Knowledge of all the human genes and their functions optimises the drug research strategy and drug discovery development processes. The potential implication of genomics in clinical research and clinical medicine is that disease could be treated according to individual genetic markers, selecting medications and dosages that are optimised for individual patients. The power of gene sequencing and analysis means we are able to define patient populations genetically to improve outcomes by predicting individual responses to drugs. “Gene expression analysis gives us better insights into how drug candidates could be working in a particular disease. Comparing the expression profiles of normal individuals with diseased patients helps us drill down to determine whether the molecular pathways which the drug affects are potentially involved in the disease”, explains Dr Wilson. “The diseases we work with are often very heterogeneous – diseases such as rheumatoid arthritis and asthma are generic names for diseases that can be driven by a range of biochemical mechanisms. Therefore, it is well established that some patients respond to a given treatment regimen better than others.” “What we are trying to understand is if there is a subset of patients which could potentially benefit by treatment with our particular drug candidate. Access to high quality gene expression data enables better decision making in the drug development process, because it potentially allows us to identify patients where our drug candidates could have greater efficacy”, explains Dr Wilson.

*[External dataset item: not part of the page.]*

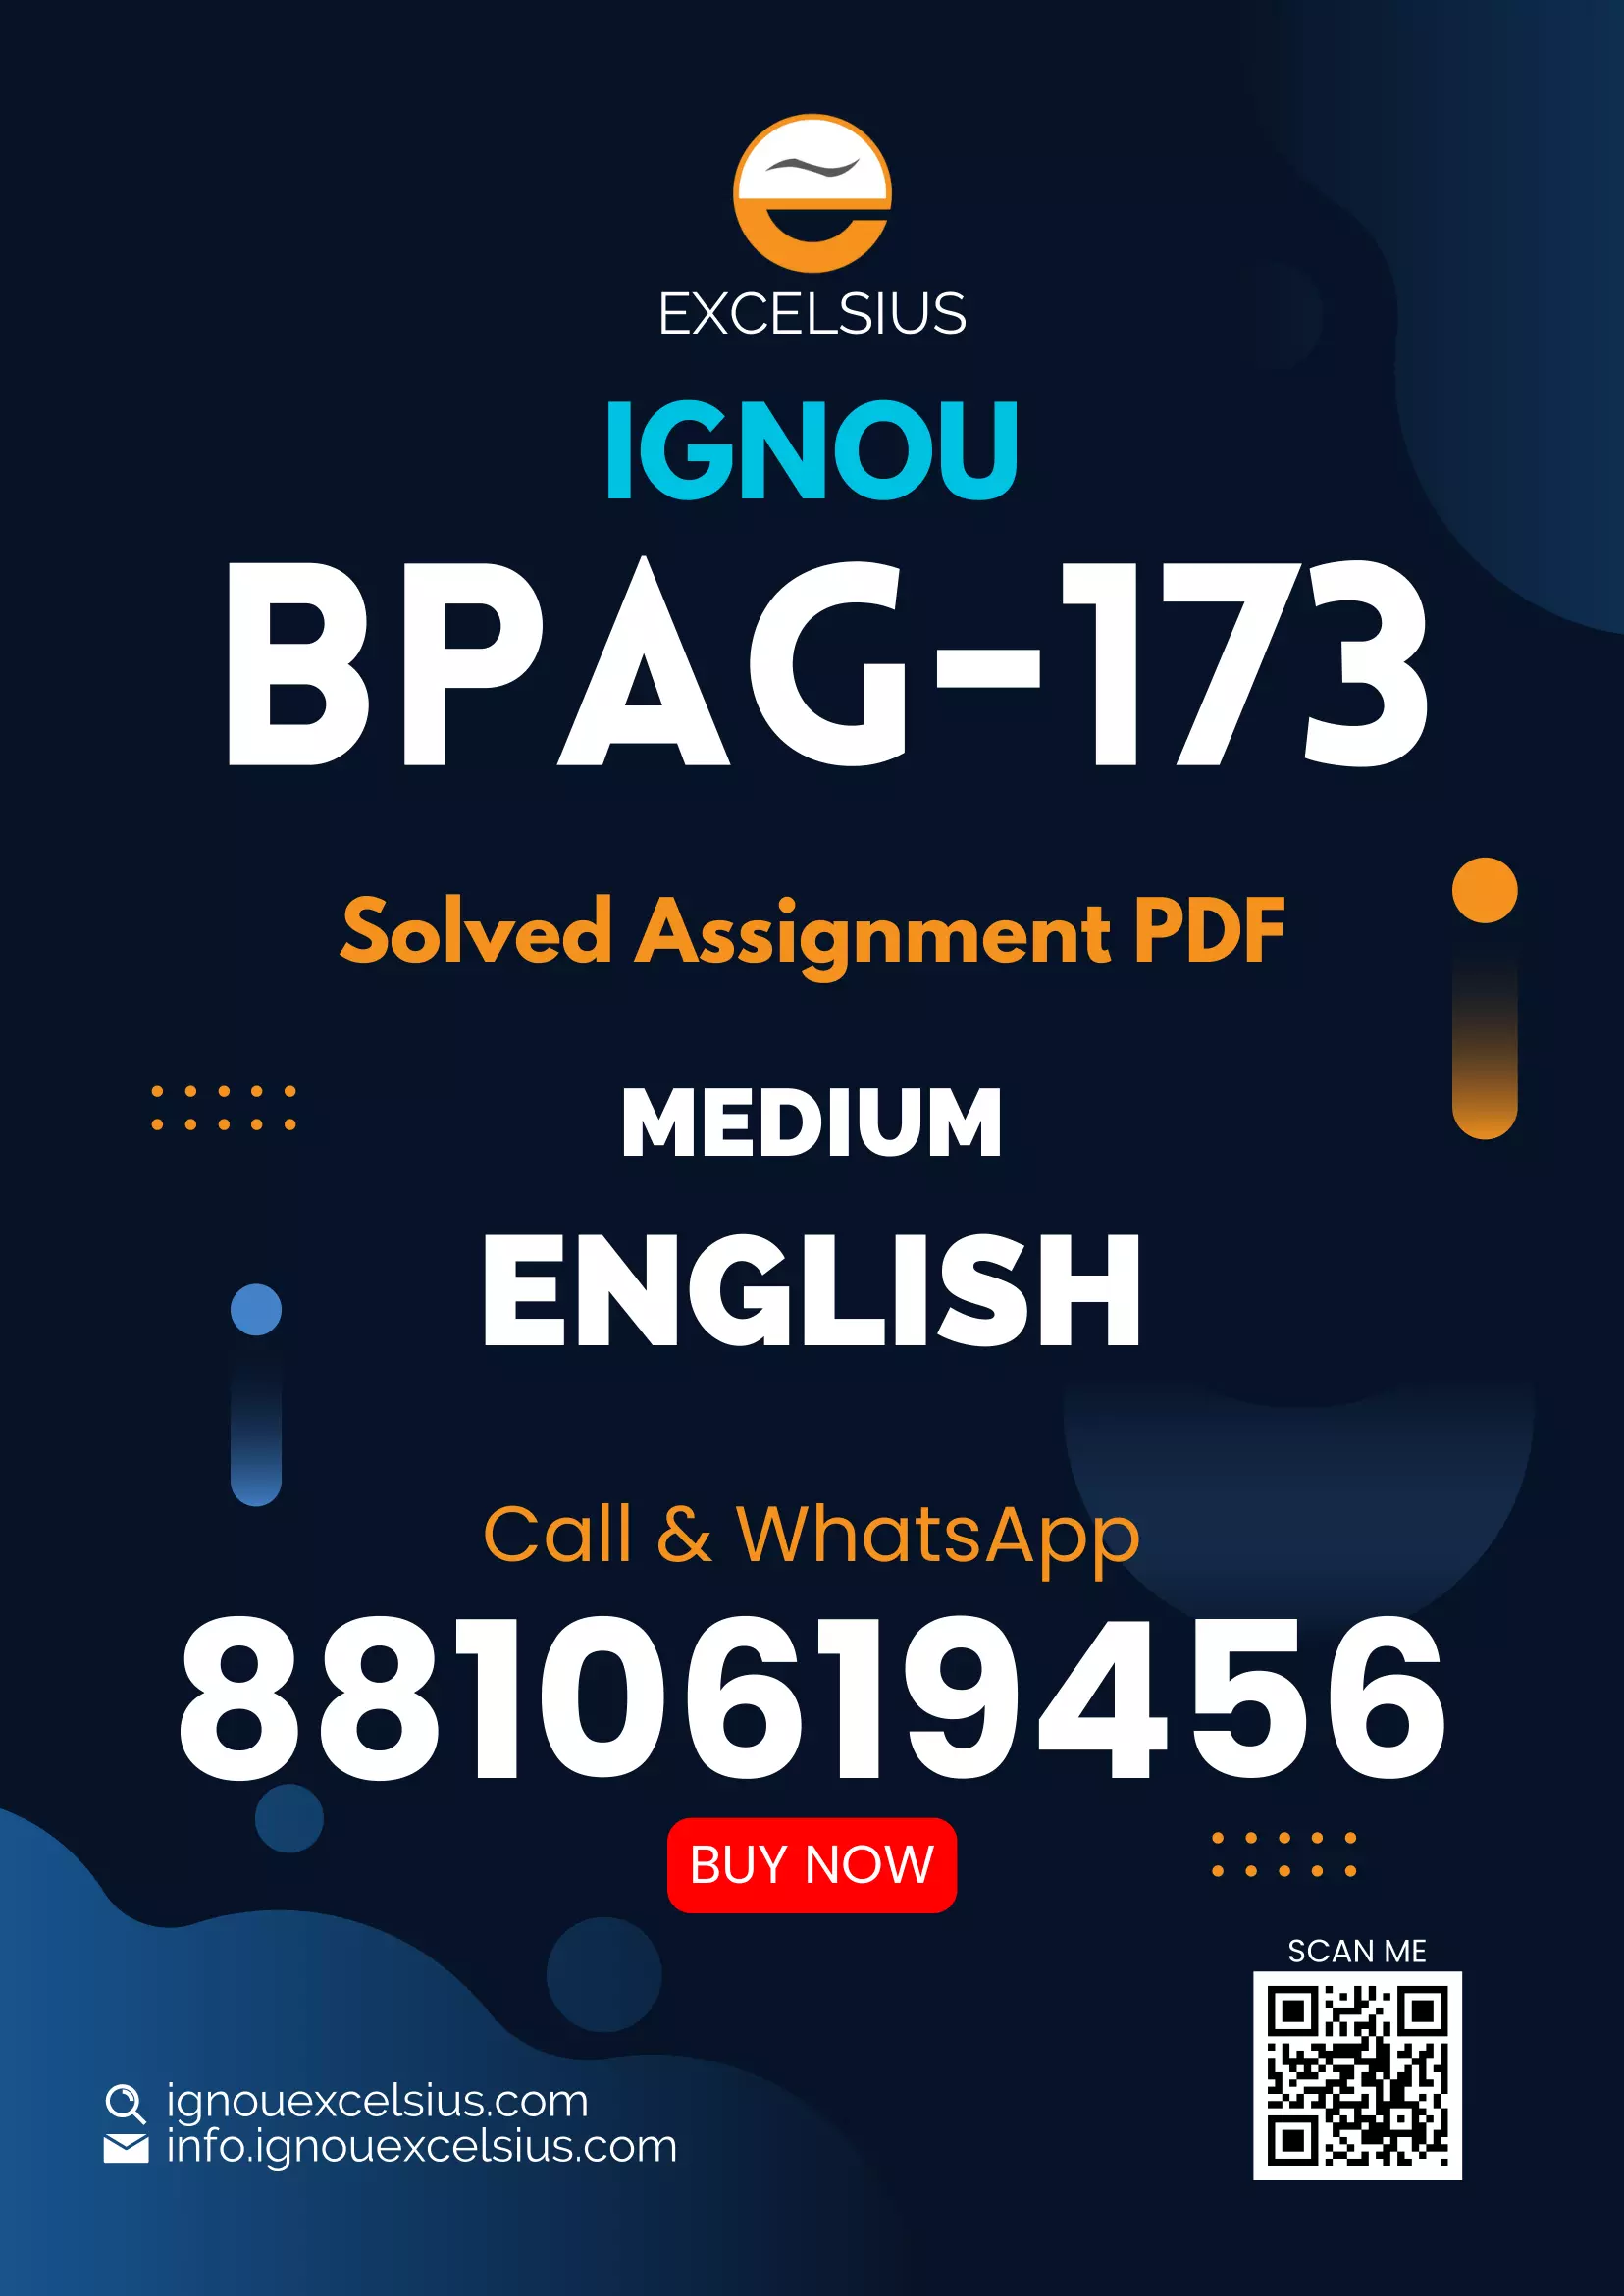 IGNOU BPAG-173 - E-Governance, Latest Solved Assignment-July 2022 – January 2023
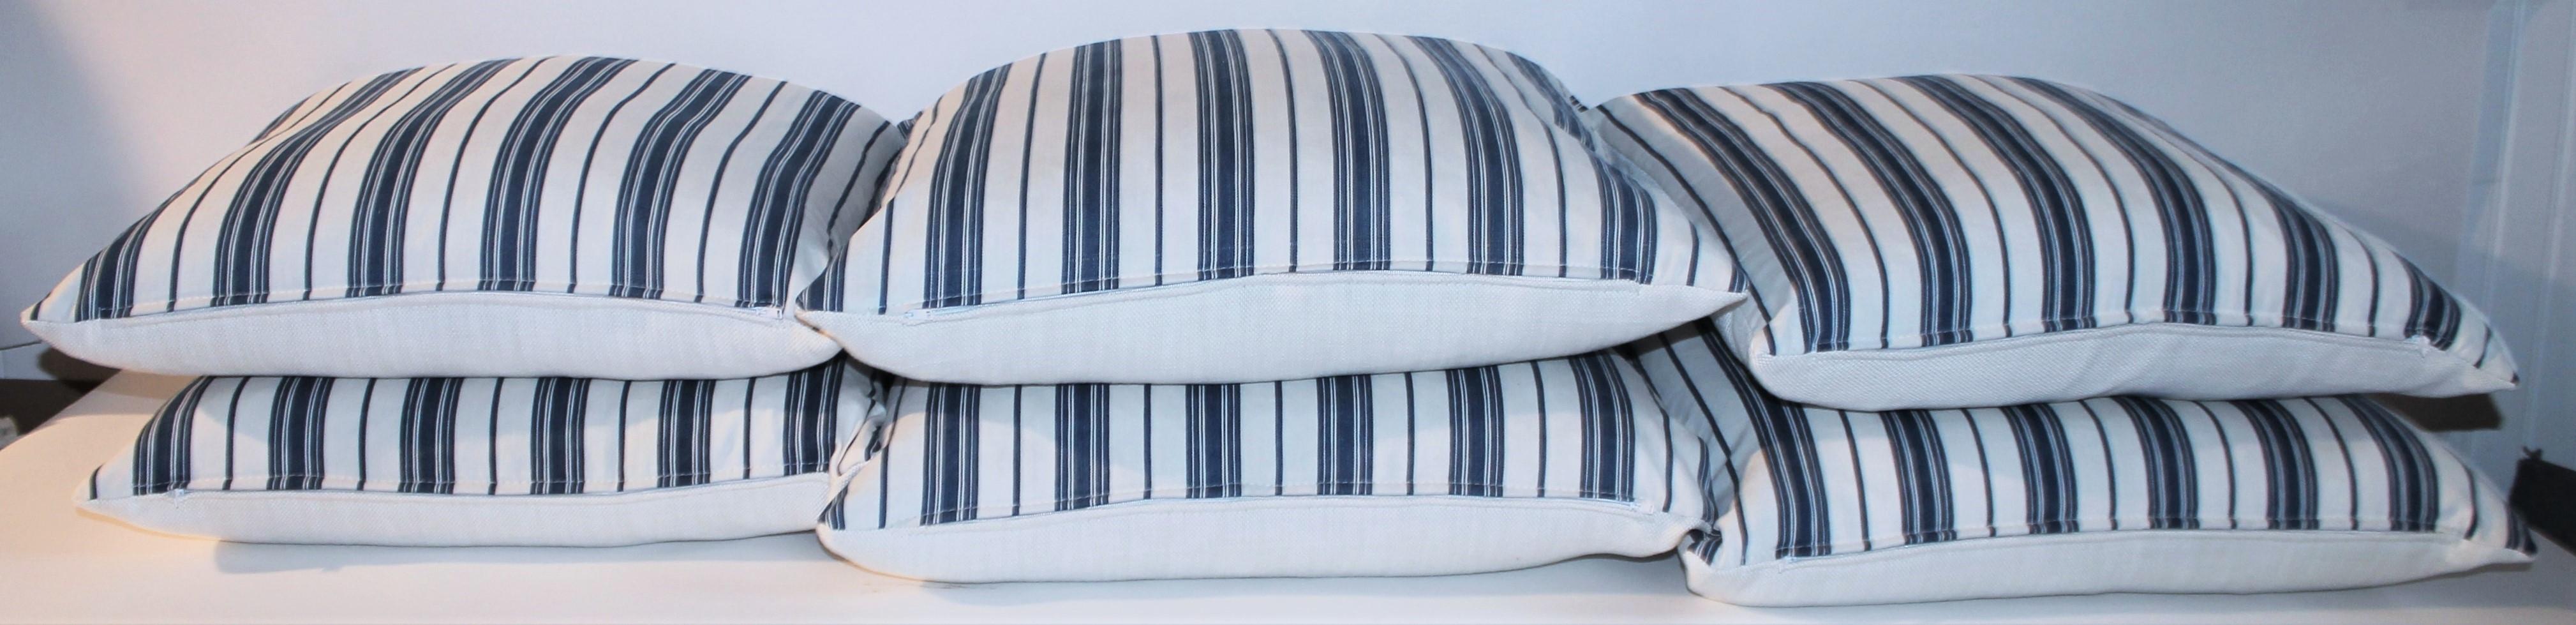 Fantastic 19Thc blue & white ticking pillows with white cotton linen backings. The inserts are down & feather fill. Two pairs in stock of 20 x 20 & two pairs of 22 x 22 in stock. Sold in pairs.

New technologies, new avenues

Genetic information has immensely helped researchers understand the mechanisms of disease as well as individual patients’ reactions to medications. Warfarin is an example of pharmaceuticals that either utilise genetic information to inform dosing, or whose activity and effectiveness is determined by inherent genetic properties of the patient. This genetic information is a result of achievements using technological advances. New technologies open new avenues of development, and for CSL they help identify new drug targets to pursue. Dr Wilson and his team recently worked with AGRF to understand antibody repertoire through sequencing analysis.

“A lot of therapeutics are antibody based. Understanding the antibody repertoire at a sequence level saves a lot of time and improves quality in our experimental design. The technology impact is read length, which has become significantly longer over the past few years. The antibody region that is variable and binds to the target antigen is about 450 base pairs in length. This technology improvement allows us to sequence the whole region in one hit”. “We can now complete a full antibody repertoire analysis which is a key technological gain for us”. “Other key technological shifts that will really make an impact include genomic sequencing for gene insertion analysis and genome wide association SNP analysis”.

Accessing genomic technology

Outsourcing services is a strategic decision for most organisations. In particular when technology changes rapidly and requires frequent cycles of new capital expenditure. This was the key driver for Dr Wilson’s group to outsource genomic services. “It’s vital to work with an organisation that has a strong background in technology. It becomes even more important when you start exploring a new area or developing methodologies”, said Dr Wilson.

Working with Dr Wilson and the CSL team on RNA sequencing analysis, a collaborative approach with AGRF helped them transition methodologies from microarray to RNA sequencing. A project that required regular communication and a great deal of advice. “It becomes more than just receiving data. It is the expertise that comes with it. For us it is most important that we work with people we trust”, says Dr Wilson. “Having easy access to a genomics provider was a key factor in our decision making. Having access to high quality sequencing and capability just around the corner is something we really value”.